In the past year my husband and I have halved our income and doubled our happiness.

Some background: a few years ago we were both late 20s, child-free, and earning respectable 6 figure engineering incomes. I was a software consultant, and I traveled for my job every week (can there be anything less mustachian than commuting *by plane*?). We made a lot of money, and we maxed out our 401ks, and we had a 6 month emergency fund, but other than that we mostly spent what we had.

We wanted a child, so we had a baby and decided that I would stop traveling. I never considered not working - we just assumed we would be perfectly happy putting our child in day care and both working (I have always enjoyed my job). I took 6 months off when our son was born, and then when my position was eliminated because I no longer wanted to travel I found a local job - that required a 30-45 minute commute each way. We live less than 2 miles from my husband's job - we bought our house to be close to his employer when I was traveling.
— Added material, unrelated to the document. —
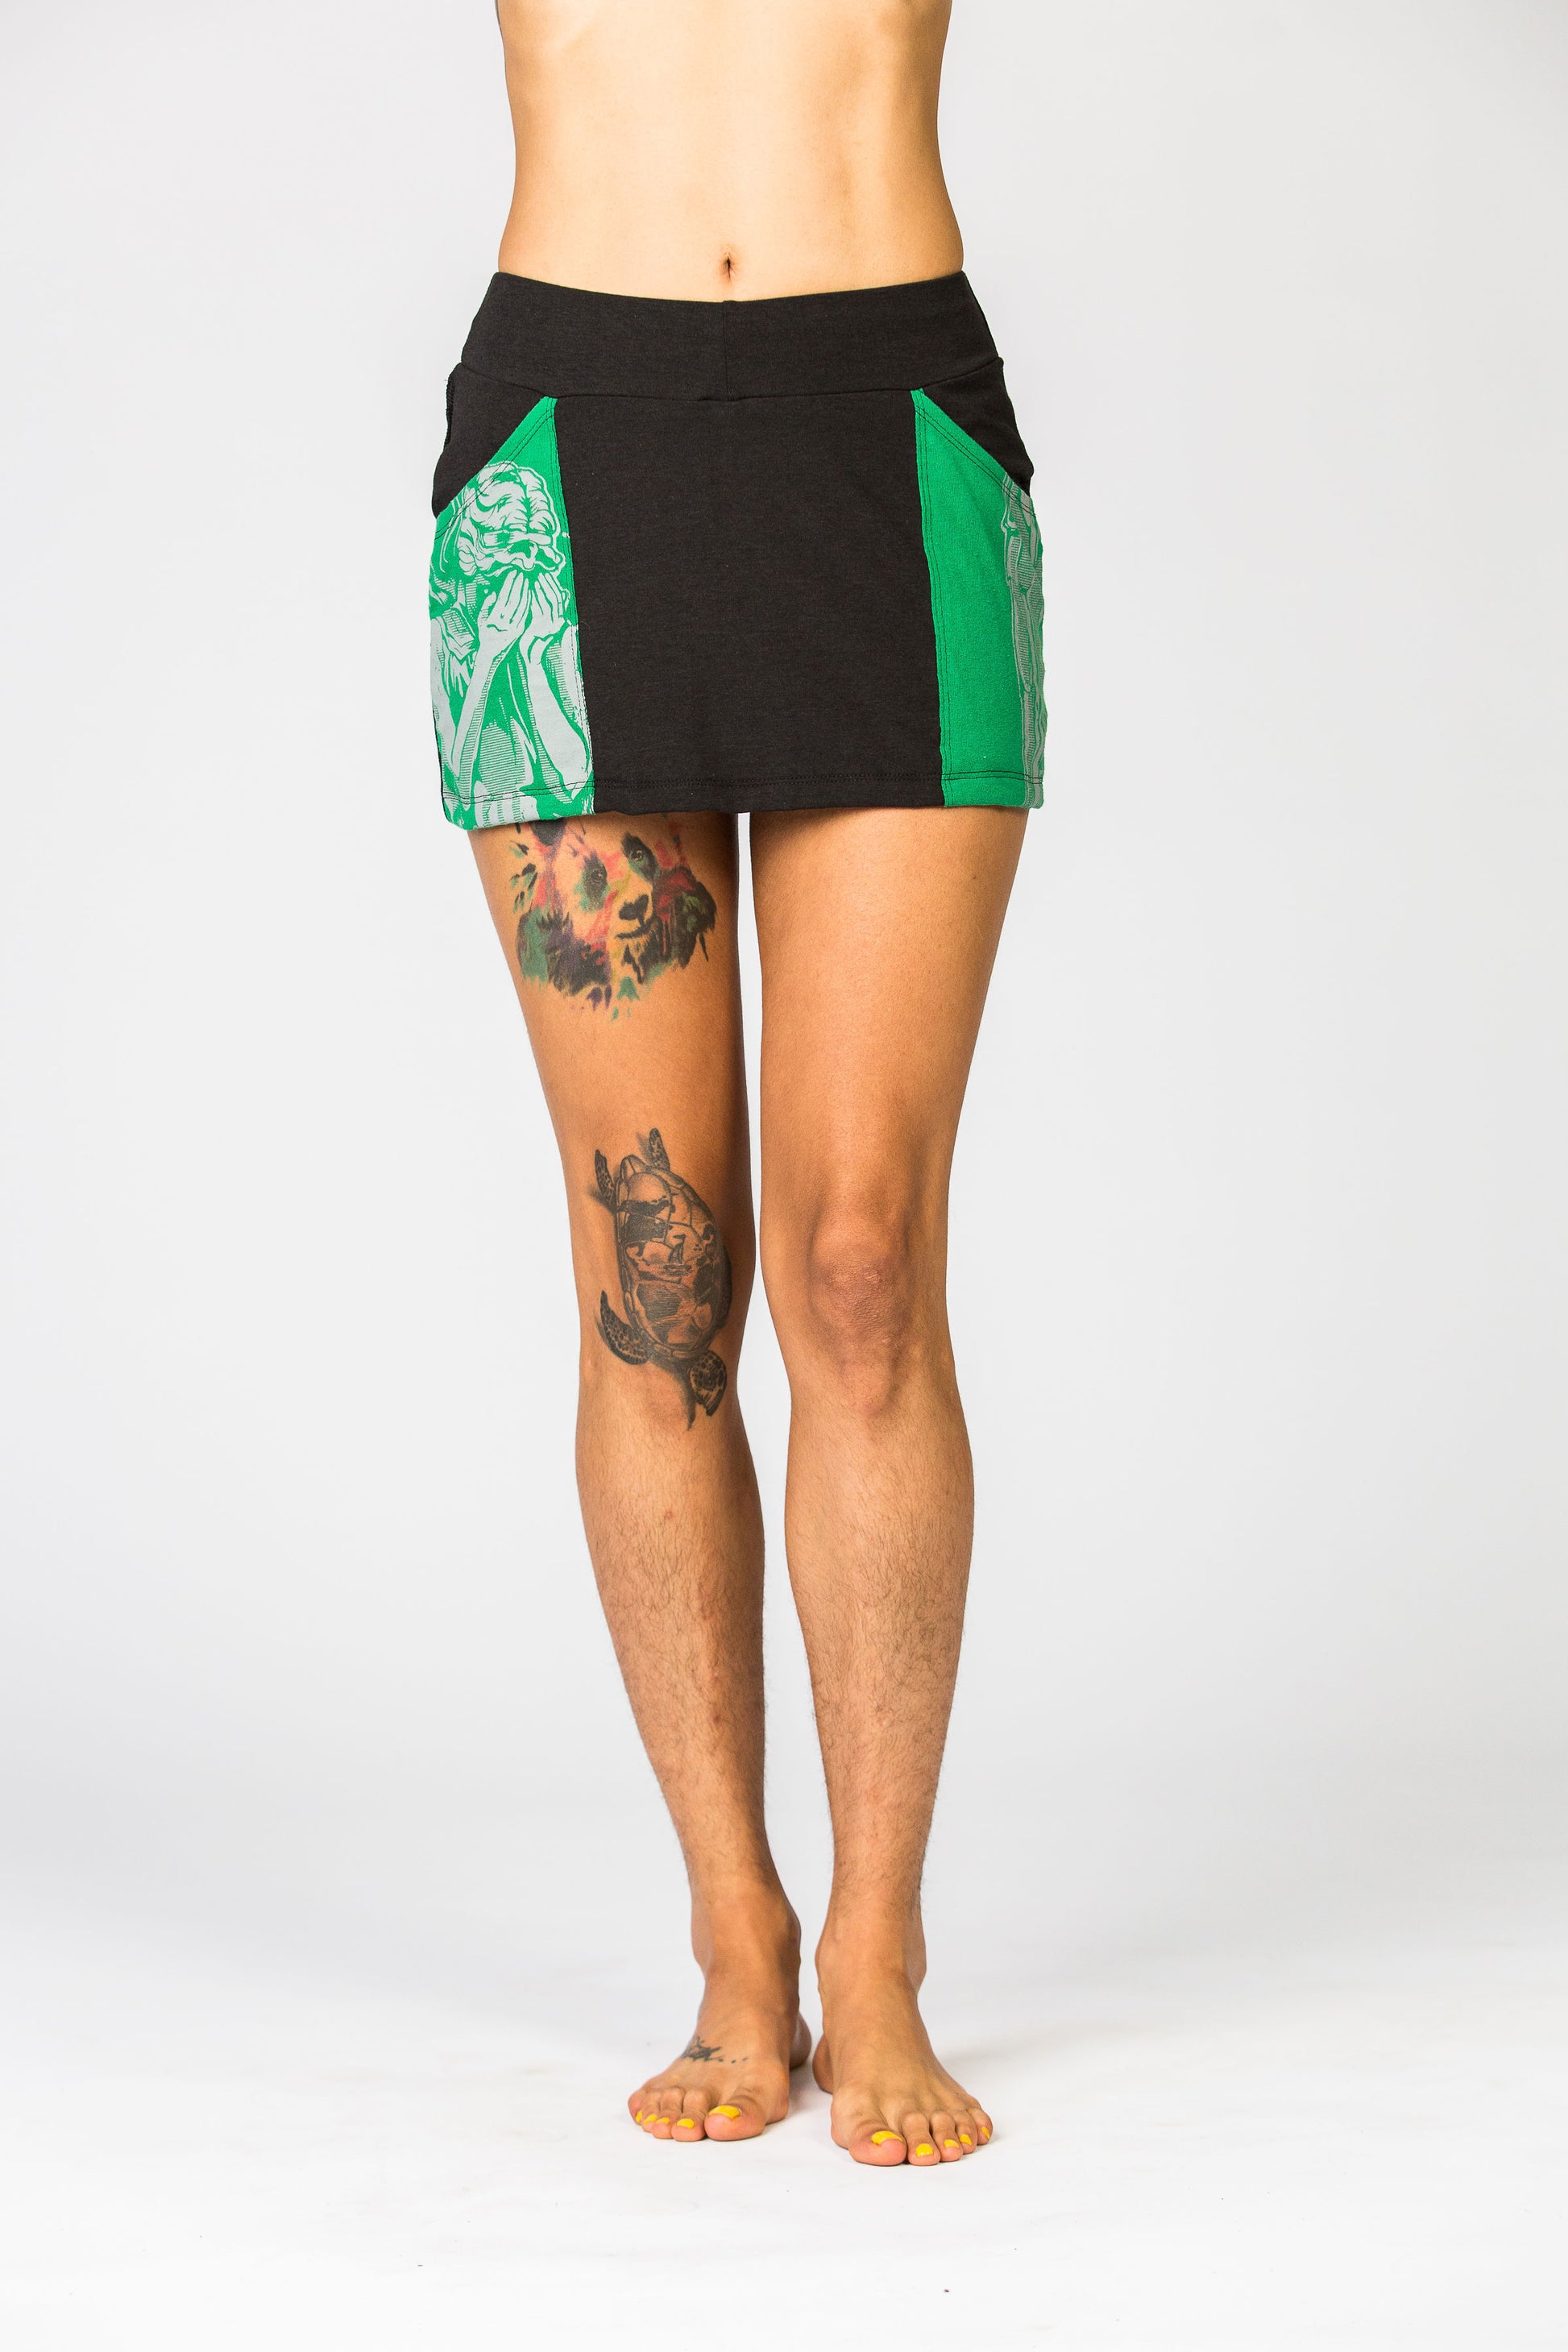 Model is wearing a black mini skirt with green pockets.

We spent a stress-filled unhappy year taking our son to daycare all day while I commuted downtown to work. Mornings were stressful getting both of us ready and getting our son ready, and we were so tired that our evening weren't much better. After a year I couldn't take it anymore, so I reached out to my network and ended up find an even better paying job that allowed me to work from home.

This totally removed my commute, but we still had our son in day care. This turned out to be stressful still - even without the commute, I regretted the time my son was away from me, and mornings were stressful because I was trying to get to work (for a company based 3 time zones earlier than me) while my husband was getting himself and my son ready.
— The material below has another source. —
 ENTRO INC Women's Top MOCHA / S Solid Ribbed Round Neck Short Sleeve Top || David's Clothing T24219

We were still unhappy, so after a year of working from home I decided to step back from my job at work and take a lesser role, working part time (24 hours a week). This resulted in us having a 40% pay cut, but we only had to put our son in daycare for a few hours a day, and I had much less stress to deal with. Before we had a child we spent an embarrassingly large amount of money going out drinking, eating out, and traveling, so cutting that stuff out basically made the pay cut unnoticeable.

I started reading MMM around that time, and realized that we could have a totally different life. What if neither of us had to work at all? What if we could both spend our time doing whatever we wanted? We were so caught up in the lifestyle that we had, and that all of our friends had, that it was honestly a scenario that we never considered. My husband was pretty resistant to becoming more frugal, so I decided I had to model the choices I wanted him to make.
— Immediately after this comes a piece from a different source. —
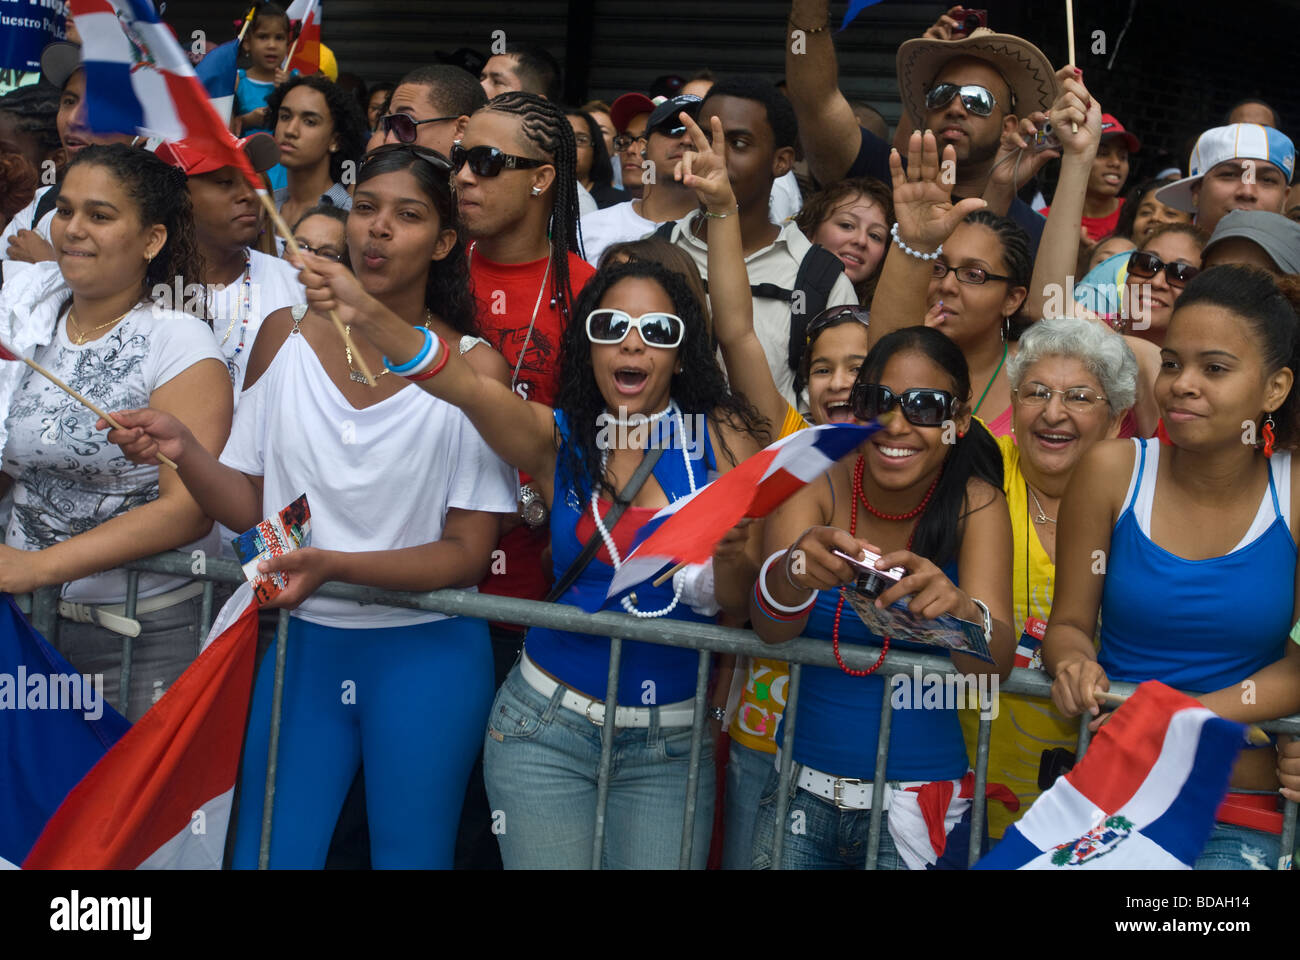 27th Annual Dominican Independence Day Parade in New York Stock Photo

Now that I had more time, we cooked a lot more - which meant eating out a lot less. We spent far, far less money traveling, and far less money on clothes. I stopped going to the spa every month, and realized how insane my previous hair/skin/nails/etc routine used to be.

We decided that I would quit my job, and completely focus on spending time with our son. After some MMM inspiration, we sold our second car - we didn't need it. I didn't commute, and almost everything we needed (grocery store, community pool, library, hardware store) was within 2 miles of our house. I started using a bike trailer about a month ago, and it has been fantastic. We refinanced our mortgage and saved a bunch of money per month.

So in a nutshell, living more intentionally and less ridiculously, we have a happier life on half the money we used to have.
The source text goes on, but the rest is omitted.